As used herein, the term “naïve T-cells” refers to a population of T-cells that has matured and been released by the thymus but has not yet encountered its corresponding antigen. In other words, naïve T-cells are in the stage between maturity and activation. Naive T-cells are commonly characterized by the surface expression of L-selectin (CD62L) and C—C Chemokine receptor type 7 (CCR7): the absence of the activation markers CD25, CD44 or CD69; and the absence of memory CD45RO isoform. They also express functional IL-7 receptors, consisting of subunits IL-7 receptor-a, CD127, and common-y chain, CD132.
A T-cell lacking a functional endogenous T-cell receptor (TCR) can be, e.g., engineered such that it does not express any functional TCR on its surface, engineered such that it does not express one or more subunits that comprise a functional TCR or engineered such that it produces very little functional TCR on its surface. Alternatively, the T-cell can express a substantially impaired TCR, e.g., by expression of mutated or truncated forms of one or more of the subunits of the TCR. The term “substantially impaired TCR” means that this TCR will not elicit an adverse immune reaction in a host.
A T-cell described herein can be, e.g., engineered such that it does not express a functional HLA on its surface. For example, a T-cell described herein, can be engineered such that T-cell surface expression HLA, e.g., HLA class 1 and/or HLA class II, is downregulated. In some embodiments, the T-cell can lack a functional TCR and a functional HLA, e.g., HLA class I and/or HLA class II.
Modified T-cells that lack expression of a functional TCR and/or HLA can be obtained by any suitable means, including a knock out or knock down of one or more subunit of TCR or HLA. For example, the T-cell can include a knock down of TCR and/or HLA using siRNA, shRNA, clustered regularly interspaced short palindromic repeats (CRISPR) transcription-activator like effector nuclease (TALEN), or zinc finger endonuclease (ZFN).

Natural Killer Cells

In some embodiments, the immune cell is a natural killer cell. Natural-killer (NK) cells are CD56 CD3 large granular lymphocytes that can kill infected and transformed cells, and constitute a critical cellular subset of the innate immune system. Unlike cytotoxic CD8+ T lymphocytes, NK cells launch cytotoxicity against tumour cells without the requirement for prior sensitization, and can also eradicate MHC-I-negative cells. In an embodiment, the NK cells are CD3−CD56+ CD7+CD127− NKp46+T-bet+Eomes+. In an embodiment, cytotoxic NK cells CD56^dimCD16+.

Dendritic Cells

In some embodiments, the immune cell is a dendritic cell. Dendritic cells are a heterogeneous group of specialized antigen-presenting cells that originate in the bone marrow from CD34+ stem cells and express major histocompatibility complex (MHC) class II molecules. Mature dendritic cells are able to prime, activate and expand effector immune cells, such as T-cells and NK cells. Dendritic cell therapy is known in the art (see, e.g. Sabado et al., 2017).

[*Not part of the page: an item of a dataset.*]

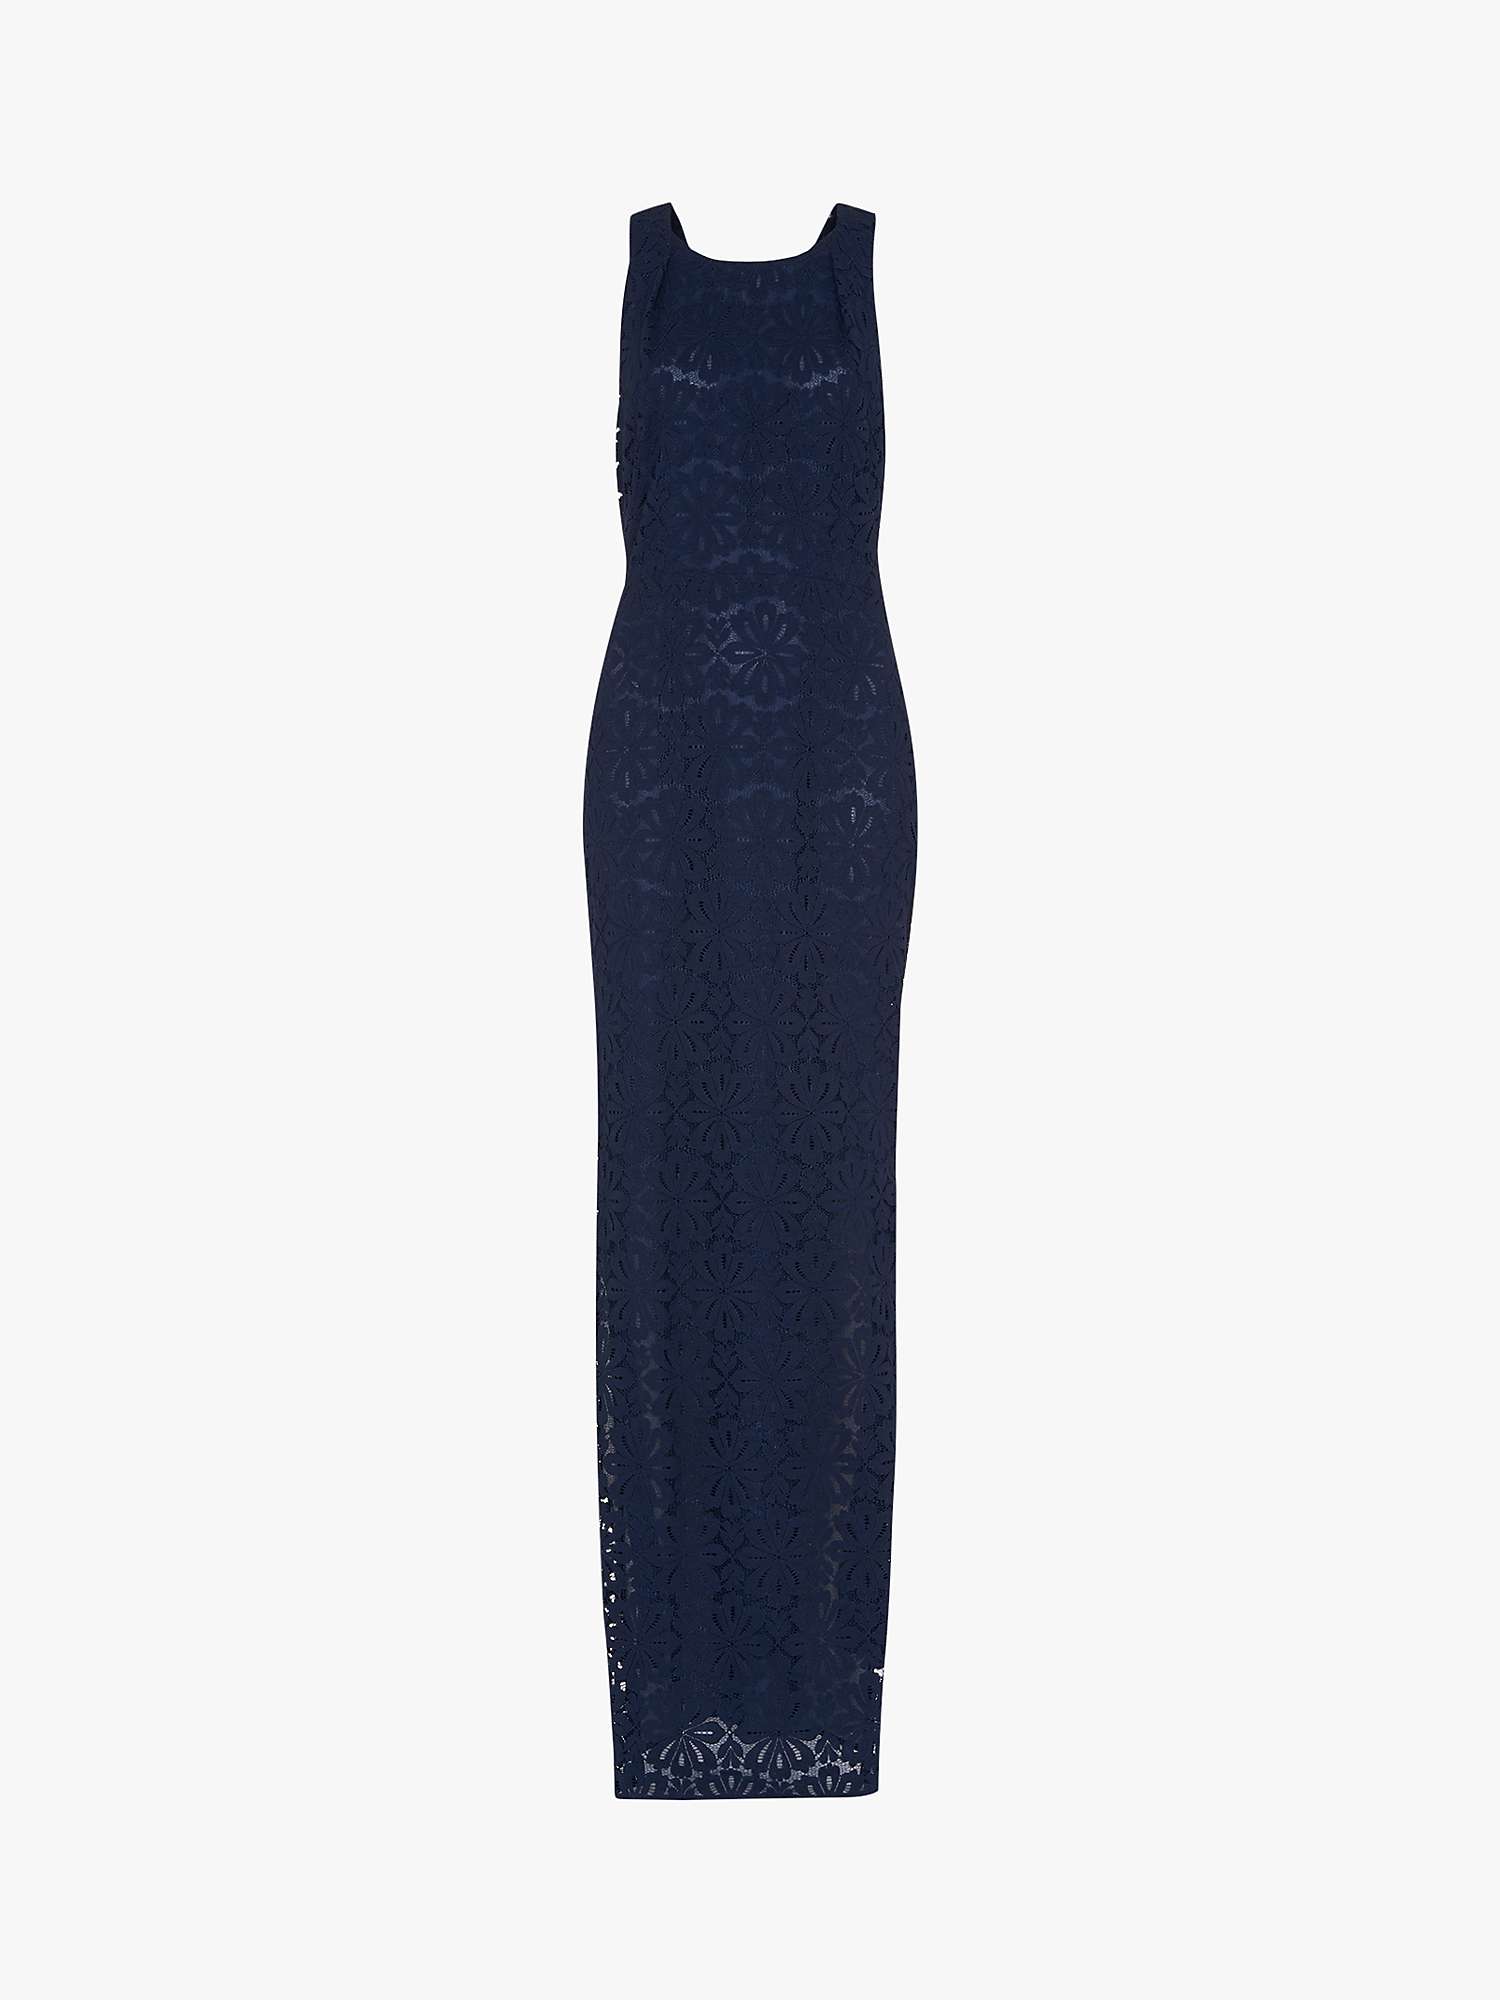 Buy Whistles  Lace Tie Back Maxi Dress, Navy Online at johnlewis.com

Briefly, dendritic cells can be isolated from a patient, exposed to a disease-specific antigen, for example a cancer specific antigen, or genetically modified to express a CAR, or a disease specific antigen, and are then infused back into the patient where they prime, activate and expand effector immune cells, for example T-cells.

Myeloid Cells

In some embodiments, the immune cell is a myeloid cell. Granulocytes, monocytes, macrophages, and dendritic cells represent a subgroup of leukocytes, collectively called myeloid cells. They circulate through the blood and lymphatic system and are rapidly recruited to sites of tissue damage and infection via various chemokine receptors. Within the tissues they are activated for phagocytosis as well as secretion of inflammatory cytokines, thereby playing major roles in protective immunity. Myeloid cell therapies are known in the art and may be useful in the treatment of cancer, infection or disease. For instance, myeloid cells are known to be abundant in the tumour stroma and the presence of these cells may influence patient outcome in many cancer types. Briefly, myeloid cells can be isolated from a patient, exposed to a disease-specific antigen, for example a cancer specific antigen, or genetically modified to express a CAR, or a disease specific antigen, and are then infused back into the patient where they prime, activate and expand effector immune cells, for example T-cells.

Macrophages

In some embodiments, the immune cell is a macrophage. Macrophages are myeloid lineage cells that arise from bone marrow derived monocytic progenitor cells that differentiate into tissue macrophages, antigen-presenting dendritic cells and bone resorbing osteoclasts. Macrophage cell therapies are known in the art and may be useful in the treatment of cancer, infection or disease. Briefly, macrophages can be isolated from a patient, exposed to a disease-specific antigen, for example a cancer specific antigen, or genetically modified to express a CAR, or a disease specific antigen, and are then infused back into the patient where they prime, activate and expand effector immune cells, for example T-cells.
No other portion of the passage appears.